Deixei a casa de Elisabeth com uma sensação de justiça feita, e com a convicção de que com determinação e paciência, pode-se alcançar consideráveis coisas na vida. Senti uma vontade intensa de sair correndo e gritando pela rua, mas me contive e soube administrar a euforia. Confesso que quando adentrei a minha casa, passei horas observando o livro, inspecionando seus pequenos detalhes e imperfeições de transporte, o cheiro de suas páginas.
O livro virou um companheiro indispensável, as leituras eram realizadas analisando os anseios das personagens e os seus pontos de vista perante uma trama muito bem elaborada. Fiz de tudo para que pudesse tirar o máximo do livro, em consonância, eu tinha todo este tempo disponível, então eu brincava com o livro entre gavetas e armários, eu o colocava em um ponto de fácil visualização. Admirava, recolhia e lembrava do empréstimo feito pela mãe de Elisabeth, pela tentativa de trazer à tona o correto, de orientar a filha que de alguma maneira tinha perdido sua moralidade.
Eu me deliciava com um empréstimo de uma obra tão valiosa, e sem tempo de devolução.
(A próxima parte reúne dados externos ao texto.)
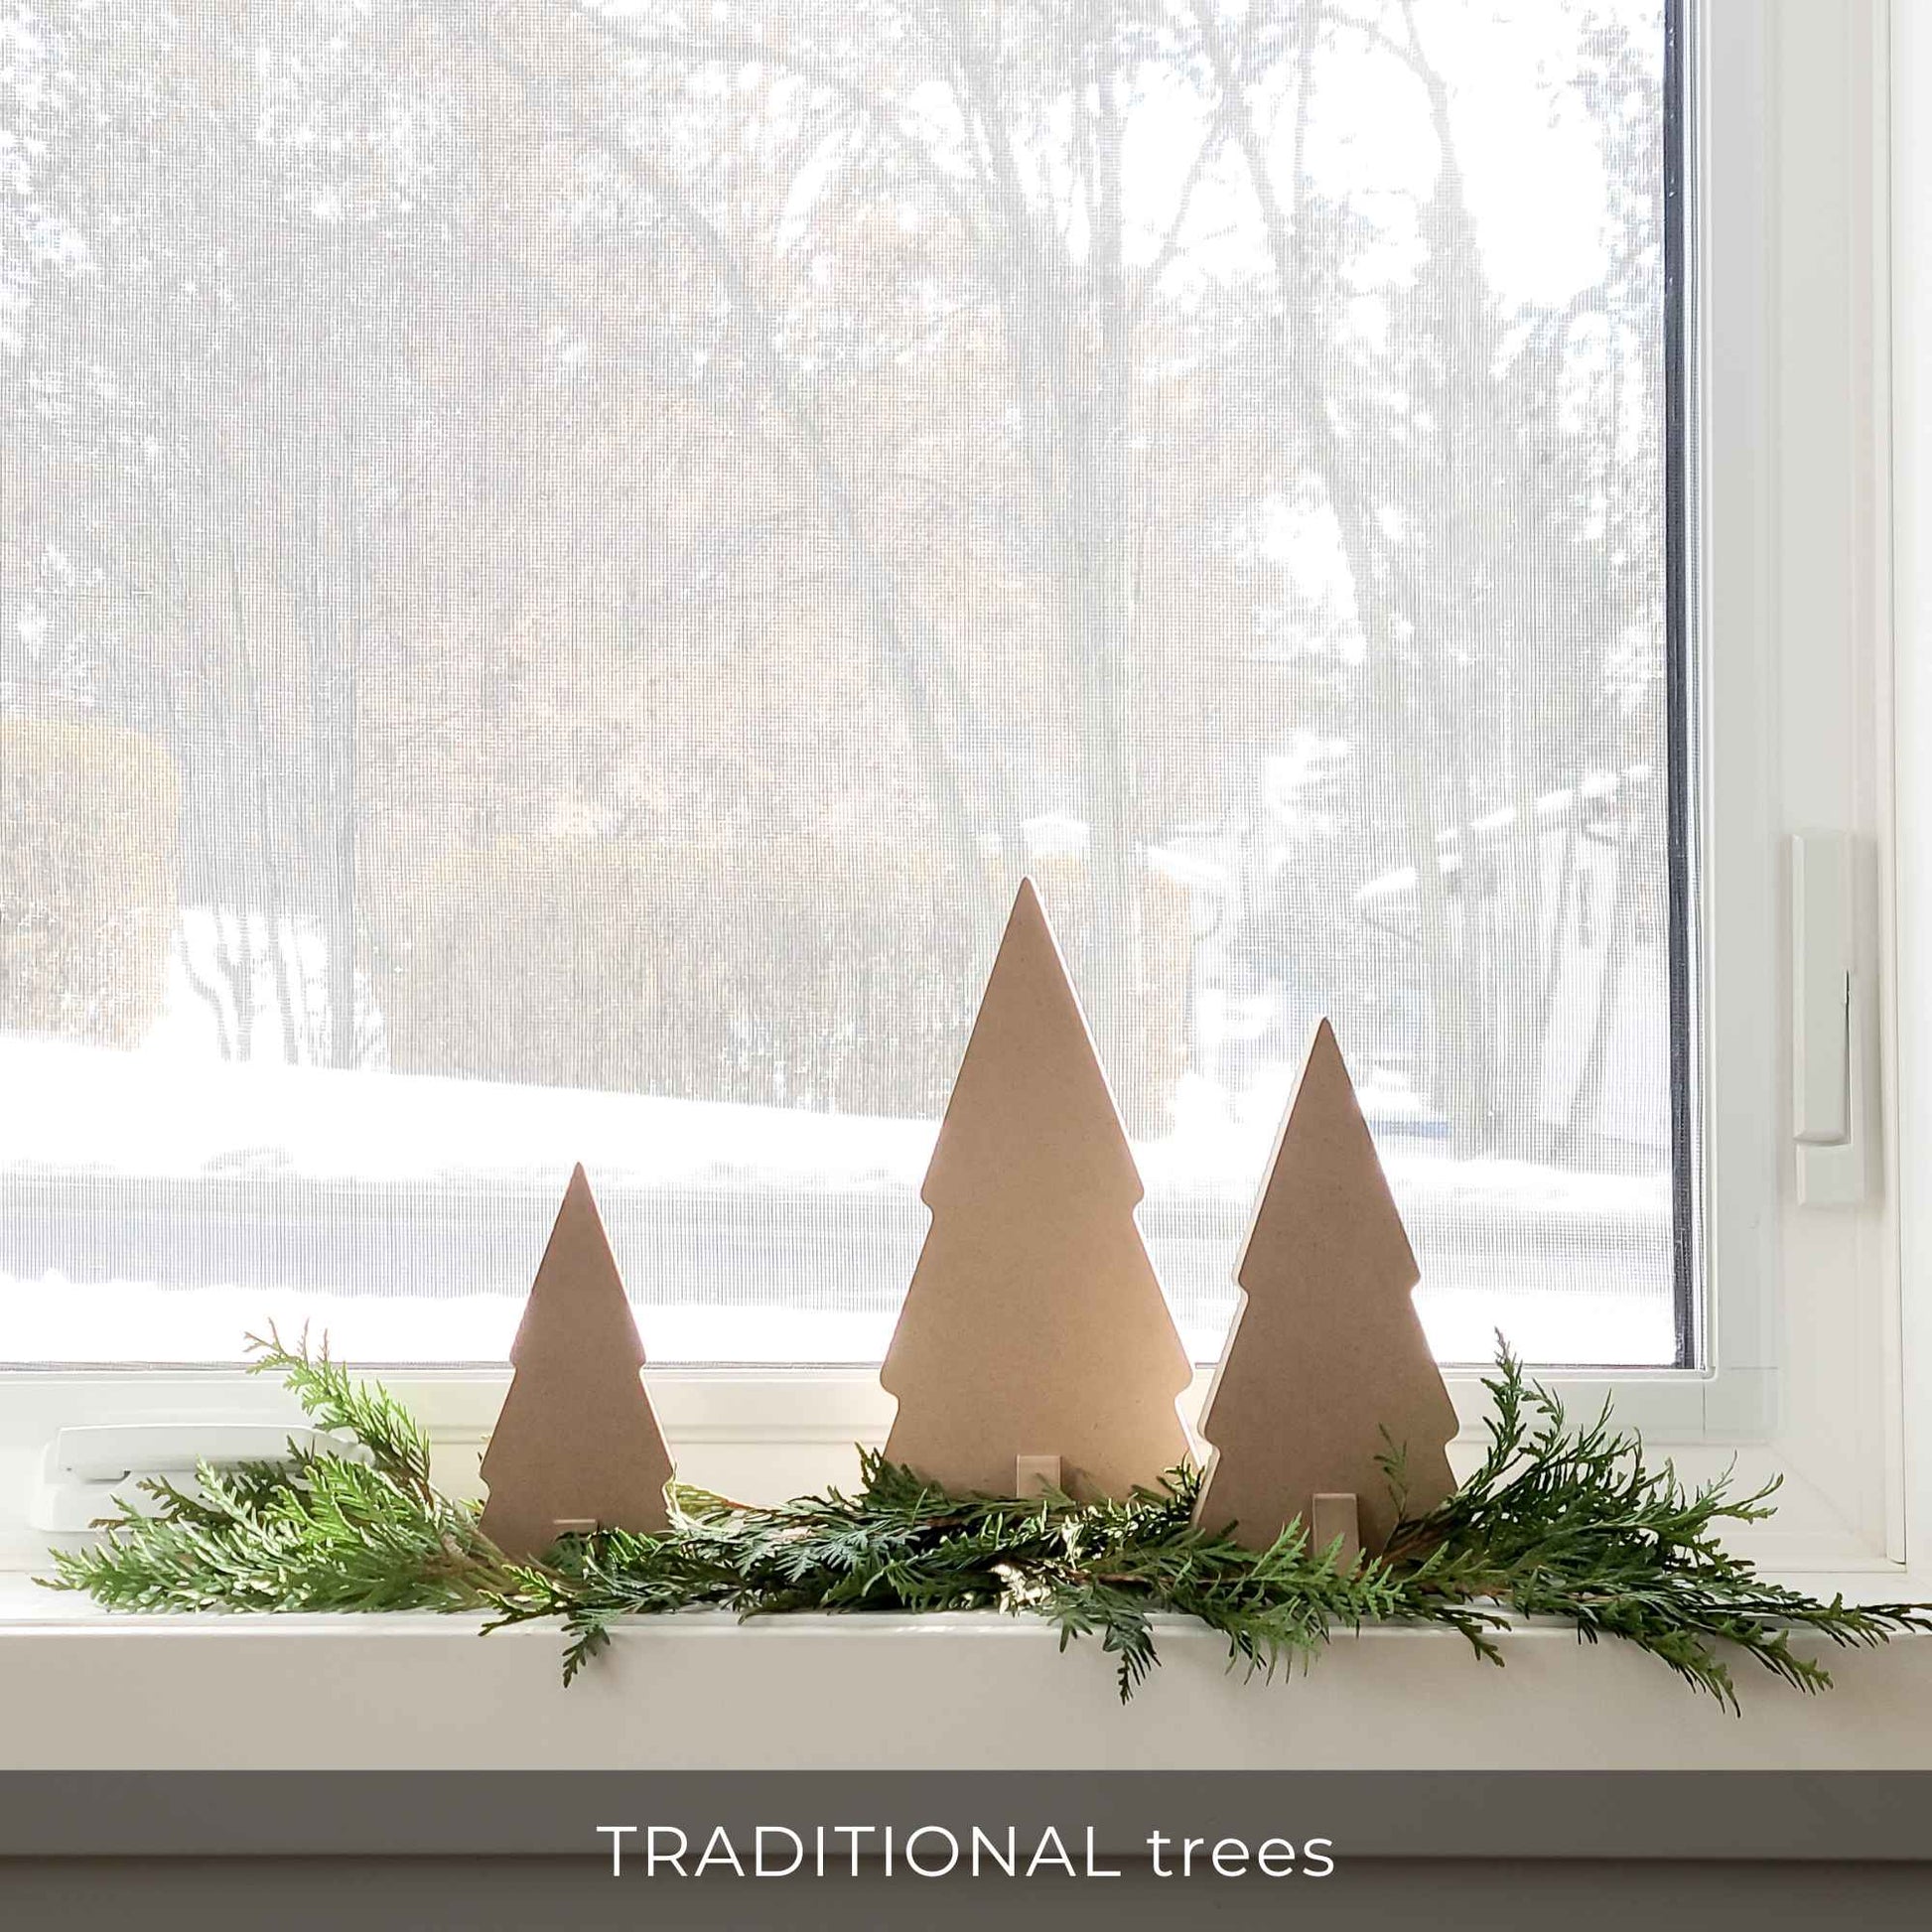 Wooden tree decor on window ledge for simple Christmas decor

Naquela vez eu estava no controle, pela primeira vez na relação entre mim e Elizabeth eu estava correta, ela teria sido confiscada, zurzida, e eu estimava um sentimento misturado entre a felicidade do que ocorrera com Elisabeth, e a felicidade de possuir o livro, ambas eram somadas vetorialmente em uma felicidade quase que clandestina.
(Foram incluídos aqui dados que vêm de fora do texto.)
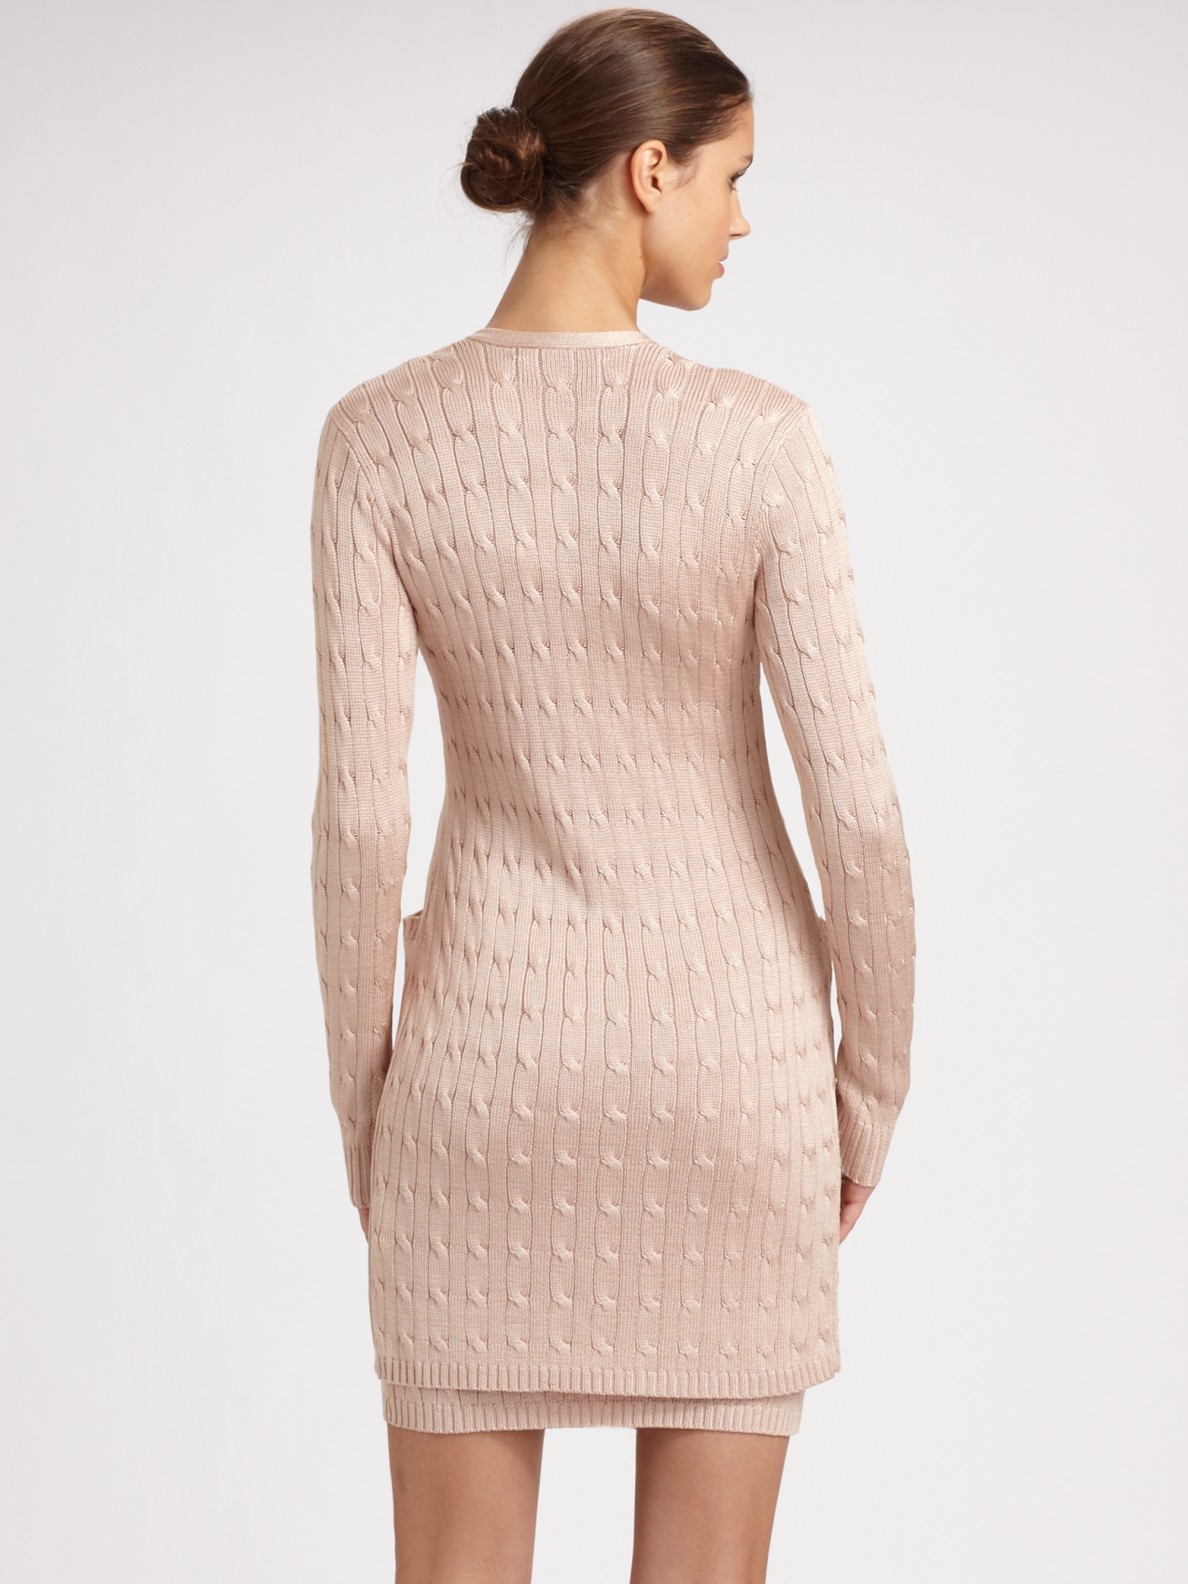 Ralph Lauren Black Label Silk Cable Knit Tank Dress in Pink | Lyst

Tal felicidade me guiou ao pensamento de que talvez pudesse manter a tão valiosa obra de Shakespeare em minhas mãos, o que de certa forma me agradava em niveis inimaginaveis. Pensar em ter comigo aquele livro, podendo ler e follheá-lo sempre que quisesse, me proporcionava uma enorme satisfação. No entanto, tal pensamento se fazia totalmente contrário a forma como fui criada e a tudo que me foi ensinado por meus pais.
Toda aquela clandestina felicidade me passava a falsa sensação de que talvez não fosse errado mantê-lo comigo. A felicidade que sentira ao possuir aquela obra, e ao perceber que de certa forma a atitude tomada pela mãe de Elizabeth possivelmente havia mudado pra sempre a relação que entre nós existia. Relacionamento esse onde eu interpretava um papel de inferioridade perante todo o ar superior daquela garota. Notei que talvez pela primeira vez ocupava uma posição de superioridade, mas isso não me parecia correto.
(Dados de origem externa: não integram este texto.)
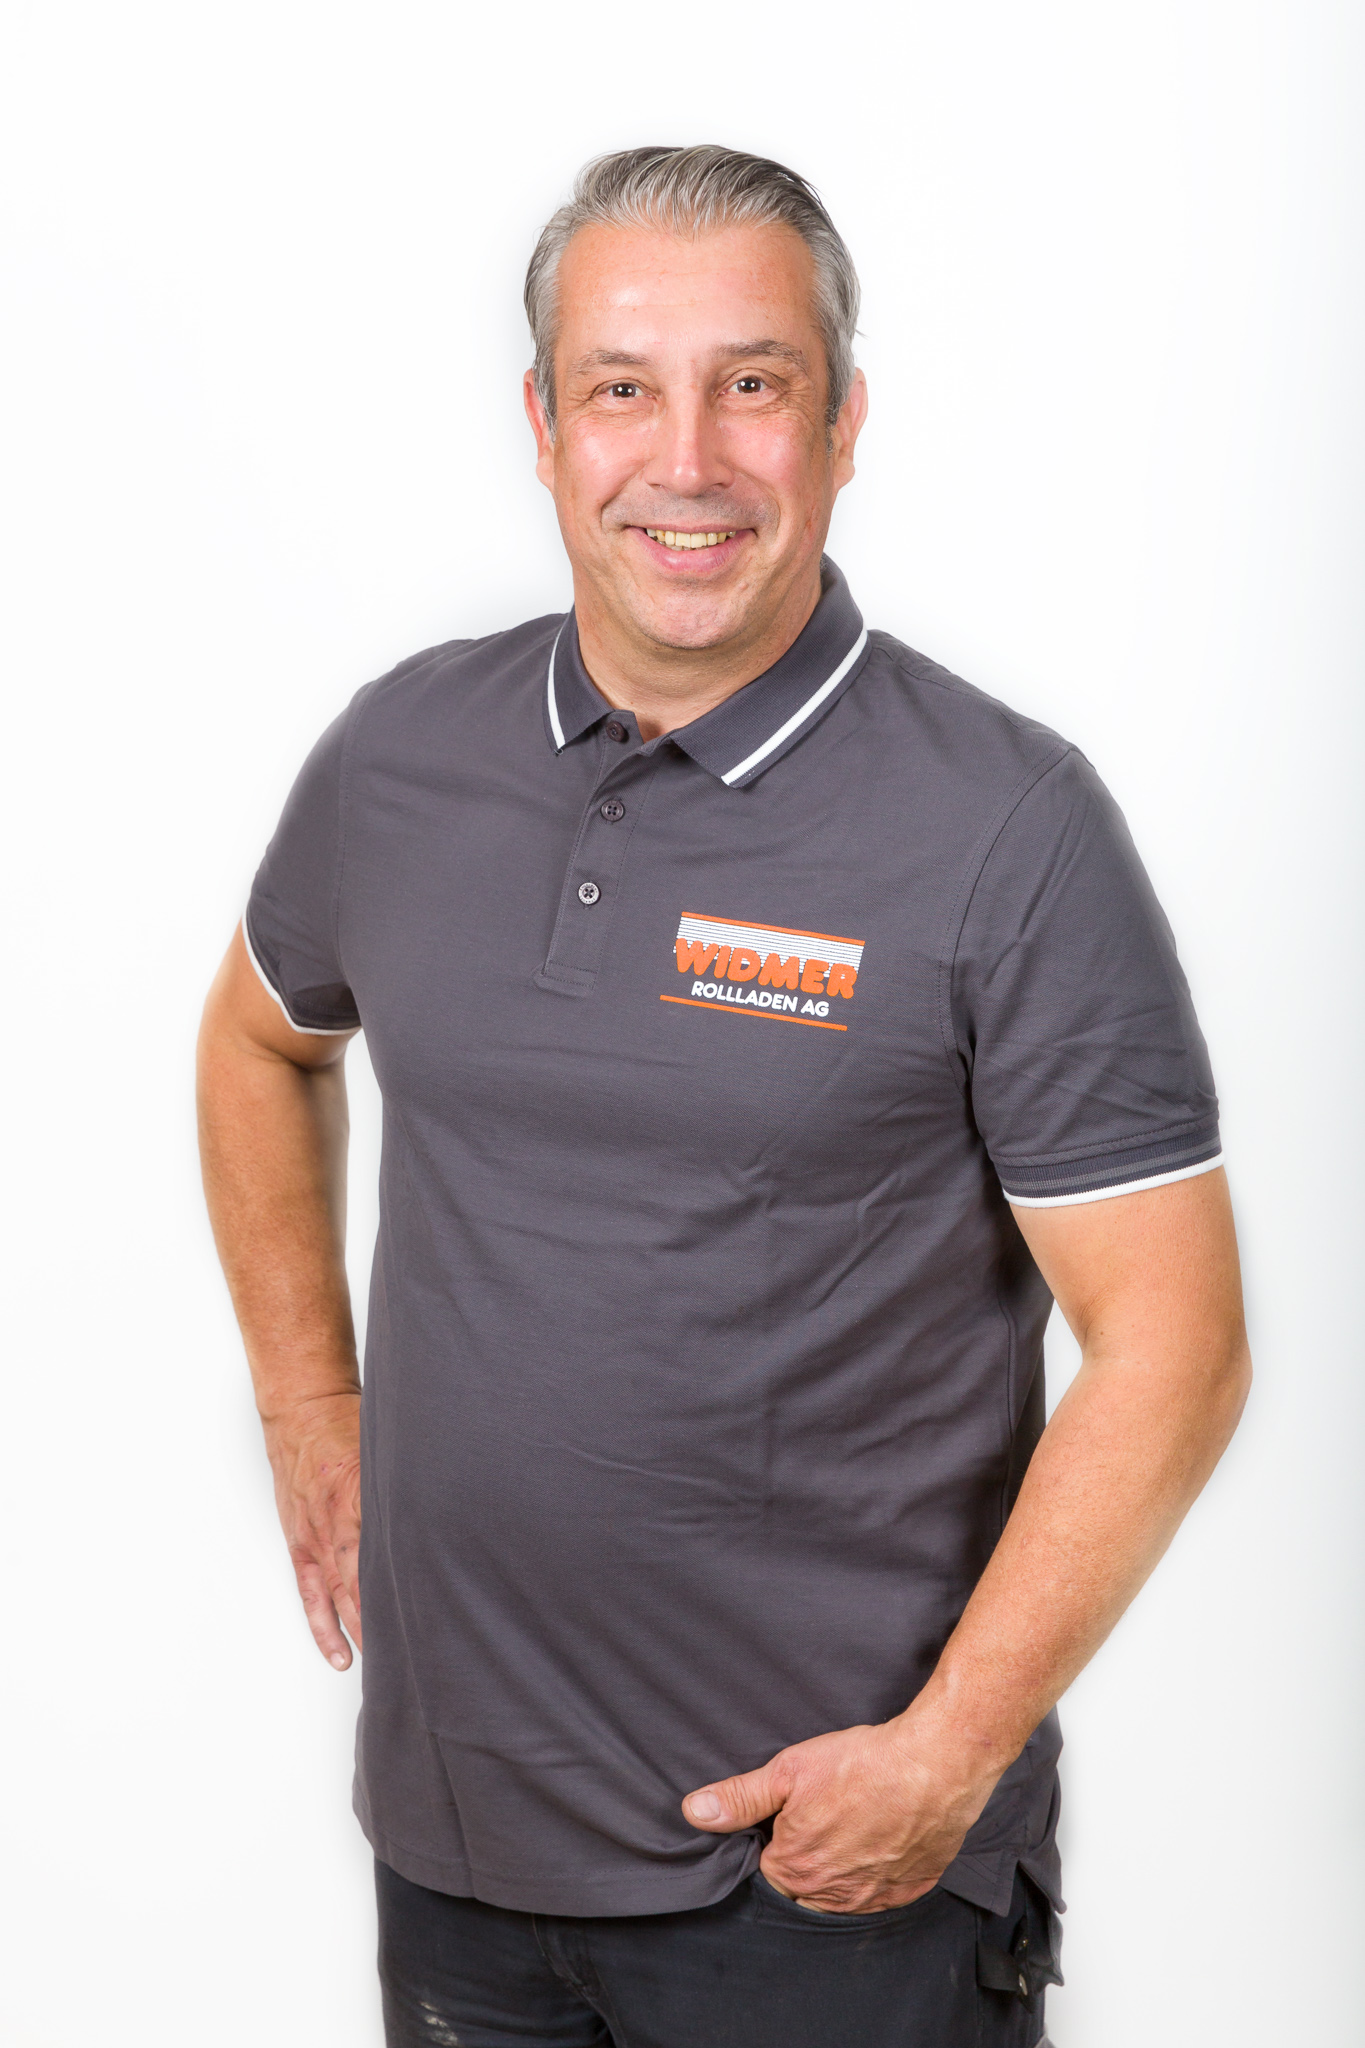 Sadri Demiri, Servicemonteur bei Widmer Rollladen AG

Resolvi que ao terminar de ler a obra iria sim devolve-lo, cheguei a conclusão, em meio ao meu emaranhado de pensamentos que não devia me sentir superior a ninguém e nem muito menos inferior. Entendi que nenhum ser humano é melhor que o outro, independente de sua situação financeira, seu nivel de intelectualidade, sua aparência ou o que veste, somos todos iguais. Não devemos nos sentir melhores ou piores que os outros. Cada ser possui a sua maneira de se fazer especial nesse mundo.
E foi com esse pensamento que minha felicidade antes clandestina passou a ser uma felicidade lícita.